Copy every line of the data that contains the string "Cotton".

[Extracted information — start]

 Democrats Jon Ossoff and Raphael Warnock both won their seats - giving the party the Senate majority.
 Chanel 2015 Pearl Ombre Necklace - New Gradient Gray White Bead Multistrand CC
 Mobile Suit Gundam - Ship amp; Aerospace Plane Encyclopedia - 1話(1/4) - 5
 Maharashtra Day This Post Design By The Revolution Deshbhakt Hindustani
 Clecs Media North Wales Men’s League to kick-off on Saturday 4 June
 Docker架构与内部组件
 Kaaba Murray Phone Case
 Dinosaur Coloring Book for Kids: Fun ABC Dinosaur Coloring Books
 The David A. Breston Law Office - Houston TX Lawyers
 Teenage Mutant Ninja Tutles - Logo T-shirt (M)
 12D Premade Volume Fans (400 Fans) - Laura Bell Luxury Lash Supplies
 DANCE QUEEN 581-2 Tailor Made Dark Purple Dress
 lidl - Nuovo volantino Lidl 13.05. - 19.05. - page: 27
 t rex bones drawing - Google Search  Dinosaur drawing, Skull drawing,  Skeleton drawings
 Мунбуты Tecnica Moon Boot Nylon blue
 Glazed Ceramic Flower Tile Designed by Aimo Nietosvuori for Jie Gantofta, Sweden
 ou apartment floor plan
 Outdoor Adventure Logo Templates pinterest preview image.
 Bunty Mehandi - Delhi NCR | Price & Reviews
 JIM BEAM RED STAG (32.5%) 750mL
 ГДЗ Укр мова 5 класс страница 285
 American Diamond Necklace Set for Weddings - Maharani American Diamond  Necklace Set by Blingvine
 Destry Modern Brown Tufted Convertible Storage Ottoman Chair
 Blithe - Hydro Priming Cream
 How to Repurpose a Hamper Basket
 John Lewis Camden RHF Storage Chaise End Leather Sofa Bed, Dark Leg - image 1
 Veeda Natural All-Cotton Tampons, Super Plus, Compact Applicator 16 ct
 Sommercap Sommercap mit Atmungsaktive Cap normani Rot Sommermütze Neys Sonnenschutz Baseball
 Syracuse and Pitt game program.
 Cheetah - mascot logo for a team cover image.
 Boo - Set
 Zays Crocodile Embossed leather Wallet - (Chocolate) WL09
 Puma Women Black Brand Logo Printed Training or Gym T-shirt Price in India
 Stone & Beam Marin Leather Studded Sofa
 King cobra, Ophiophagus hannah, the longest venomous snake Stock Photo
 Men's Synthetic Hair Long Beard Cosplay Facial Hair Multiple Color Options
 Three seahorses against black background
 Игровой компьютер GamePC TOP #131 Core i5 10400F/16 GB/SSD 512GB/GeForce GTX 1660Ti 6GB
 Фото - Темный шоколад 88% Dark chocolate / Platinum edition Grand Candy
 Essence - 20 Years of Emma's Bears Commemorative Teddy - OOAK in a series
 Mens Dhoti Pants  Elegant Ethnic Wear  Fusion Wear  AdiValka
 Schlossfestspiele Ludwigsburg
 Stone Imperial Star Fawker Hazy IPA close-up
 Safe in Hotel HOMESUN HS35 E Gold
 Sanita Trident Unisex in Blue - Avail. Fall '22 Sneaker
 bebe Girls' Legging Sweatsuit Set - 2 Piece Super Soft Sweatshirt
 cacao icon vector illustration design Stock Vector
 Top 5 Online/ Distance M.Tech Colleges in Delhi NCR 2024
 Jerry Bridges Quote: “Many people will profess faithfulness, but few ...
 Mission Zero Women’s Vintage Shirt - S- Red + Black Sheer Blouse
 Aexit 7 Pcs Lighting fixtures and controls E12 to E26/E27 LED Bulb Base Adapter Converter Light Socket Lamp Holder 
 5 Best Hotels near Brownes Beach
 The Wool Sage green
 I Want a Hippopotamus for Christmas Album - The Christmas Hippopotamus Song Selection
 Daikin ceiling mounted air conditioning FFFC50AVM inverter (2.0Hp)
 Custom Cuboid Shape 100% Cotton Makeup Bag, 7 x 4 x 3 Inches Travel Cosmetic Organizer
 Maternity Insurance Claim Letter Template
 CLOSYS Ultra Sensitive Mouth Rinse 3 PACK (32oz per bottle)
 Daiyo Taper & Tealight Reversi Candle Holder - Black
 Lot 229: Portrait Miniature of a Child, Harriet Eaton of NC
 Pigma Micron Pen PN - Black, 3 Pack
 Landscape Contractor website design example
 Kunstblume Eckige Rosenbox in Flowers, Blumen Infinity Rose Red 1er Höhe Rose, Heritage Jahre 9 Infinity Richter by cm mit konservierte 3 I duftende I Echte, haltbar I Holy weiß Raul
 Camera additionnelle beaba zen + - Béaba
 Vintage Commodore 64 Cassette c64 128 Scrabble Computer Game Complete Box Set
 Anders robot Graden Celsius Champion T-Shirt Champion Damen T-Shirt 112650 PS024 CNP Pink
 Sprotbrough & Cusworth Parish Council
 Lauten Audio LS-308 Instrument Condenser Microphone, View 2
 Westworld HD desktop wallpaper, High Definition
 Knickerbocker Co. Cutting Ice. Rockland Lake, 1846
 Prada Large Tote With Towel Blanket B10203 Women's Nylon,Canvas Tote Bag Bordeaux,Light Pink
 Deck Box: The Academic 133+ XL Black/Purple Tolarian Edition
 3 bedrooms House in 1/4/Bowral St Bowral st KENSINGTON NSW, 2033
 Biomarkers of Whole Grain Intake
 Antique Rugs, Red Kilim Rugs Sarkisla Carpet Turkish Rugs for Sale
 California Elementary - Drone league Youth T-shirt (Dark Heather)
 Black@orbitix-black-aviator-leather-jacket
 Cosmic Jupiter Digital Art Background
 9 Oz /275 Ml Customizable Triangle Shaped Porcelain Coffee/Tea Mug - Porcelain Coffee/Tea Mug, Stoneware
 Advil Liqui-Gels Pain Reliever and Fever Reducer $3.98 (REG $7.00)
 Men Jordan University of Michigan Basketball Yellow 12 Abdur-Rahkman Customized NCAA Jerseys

[Extracted information — finish]

Exercise response:
 Veeda Natural All-Cotton Tampons, Super Plus, Compact Applicator 16 ct
 Custom Cuboid Shape 100% Cotton Makeup Bag, 7 x 4 x 3 Inches Travel Cosmetic Organizer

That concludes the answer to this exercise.